Unlike her previous music videos, known for their theatrics and intricate dance numbers, Lady Gaga’s new video “Til It Happens to You” opens on a simple black and white shot of a college dorm. Like most dorms across the country, the walls are sparse cinderblock, the floors are tiled, and the desk and beds are made of heavily lacquered pinewood.
Like many dorms across the country, this set is the scene of multiple sexual assaults. More than one-in-five women are sexually assaulted or raped on college campuses each year. Lady Gaga’s video was made in conjunction with the documentary film on campus rape, The Hunting Ground, and the stories her video portrays are both unique in their details and disconcertingly familiar.
One woman is chatting with a friend who appears drunk. He tries to kiss her. She refuses. He gets violent. Another woman is getting out of the shower, and sees a guy who probably lives on her floor. He pushes her against the counter. Two friends are at a party. A guy brings them drinks he spiked. He takes them back to his room. One of them wakes up to find the guy on top of her. She pulls her unconscious friend from the room.
These are harrowing scenes to watch, but the video does not end on the nights of the assaults. Each survivor has to deal with the trauma in her own way. They pull away from their friends. One fears the bathroom and stops showering. The two friends are unable to talk about what happened and one drops out of school.
What is powerful about Lady Gaga’s video is not only the voice it gives to survivors of assault, but the complicated picture of what it means to live every day after it.
She sings, “You tell me it gets better…better in time… But how the hell could you know? How do you know?... Until it happens to you, you don’t know how it feels. ” She is unapologetic in her criticism of our responses to those who have suffered sexual assault and rape.
As a recently-graduated female college student, I am all too aware of the reality of the statistic. Each spring, students at my alma mater organize a rally as part of the international event to end sexual violence, Take Back the Night. The evening includes a chance for women to share stories of their experience with sexual assault and rape.
Just as in “Til It Happens to You,” these stories don’t involve strangers lurking on street corners. They are populated with boyfriends, girlfriends, that guy at a party, the person on your hall. They involve long-term relationships and solitary nights. They remind us that recovery is never a straight line, but a winding of good and bad days.

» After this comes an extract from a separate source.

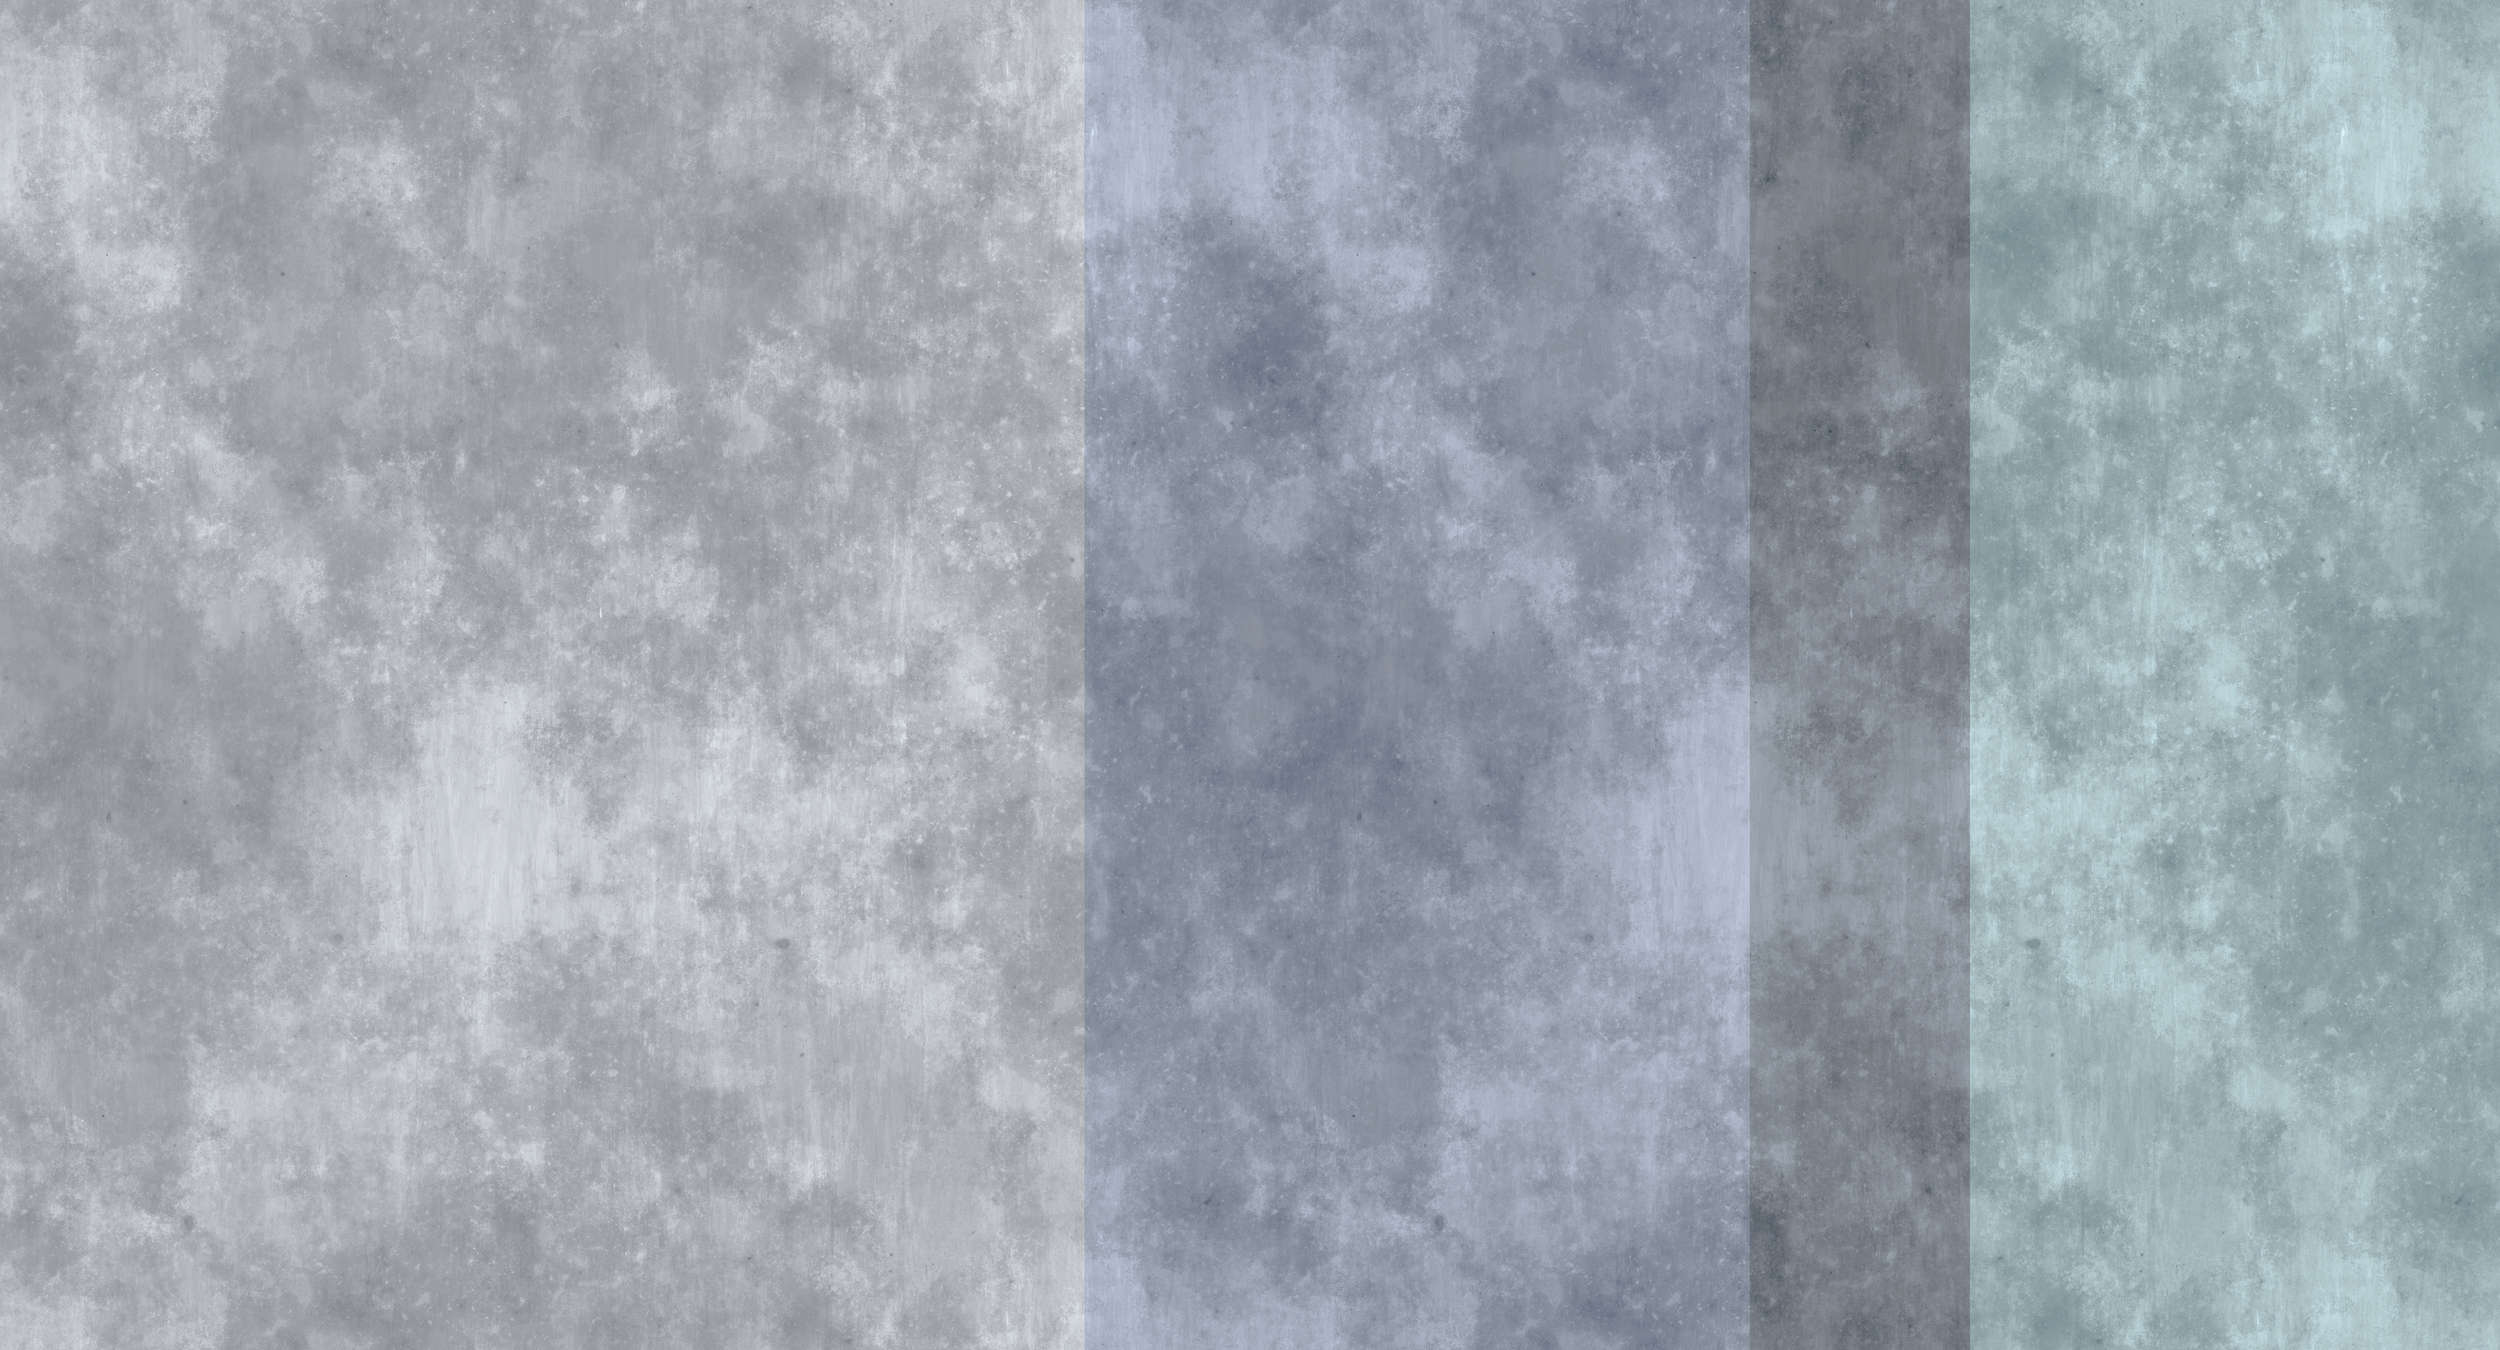             Papier peint à rayures imitation béton - gris, bleu

As more and more people share their experiences of assault and rape, we must remind ourselves what it means to be supportive of survivors.
People who have not experienced sexual assault or rape are not called to prescribe any sort of solution or “fix.” It is not our place to say, “I understand” if we do not, and cannot, understand. Instead, we are called to sit with our friends during the difficult moments, to give advice when asked, and to offer comfort when needed.
Every week it seems there is another story of the ways we, as a society, have failed rape survivors. Colleges have repeatedly demonstrated that they prioritize their own reputations over justice for survivors. When confronted with the reality many women and men face, we tell them it’s not really rape, ask what they were wearing, and tell them it would be better if they stay silent.
But survivors are refusing to stay silent. Take Back the Night allows women to share their experiences in a communal way. Hundreds of college students continue to demand that their universities be accountable for the rape culture they perpetuate. Individuals are sharing their stories with friends they trust, and even broadcast them across the country. Each story reminds us that these are not solitary events, but indicative of the culture we’ve created.
“Til it Happens to You” ends with three survivors finding the words to explain their assaults to others. With those who love and support them by their sides, they leave their dorm rooms to enter a crowd of women and men who have all bravely come forward. And behind the crowd of survivors, a woman watches them. She is our reminder that for every person who comes forward, there are many more carrying these burdens alone. She reminds us that it is our duty to stand for justice, to listen carefully and above all else, to never stop saying “I believe you” to survivors.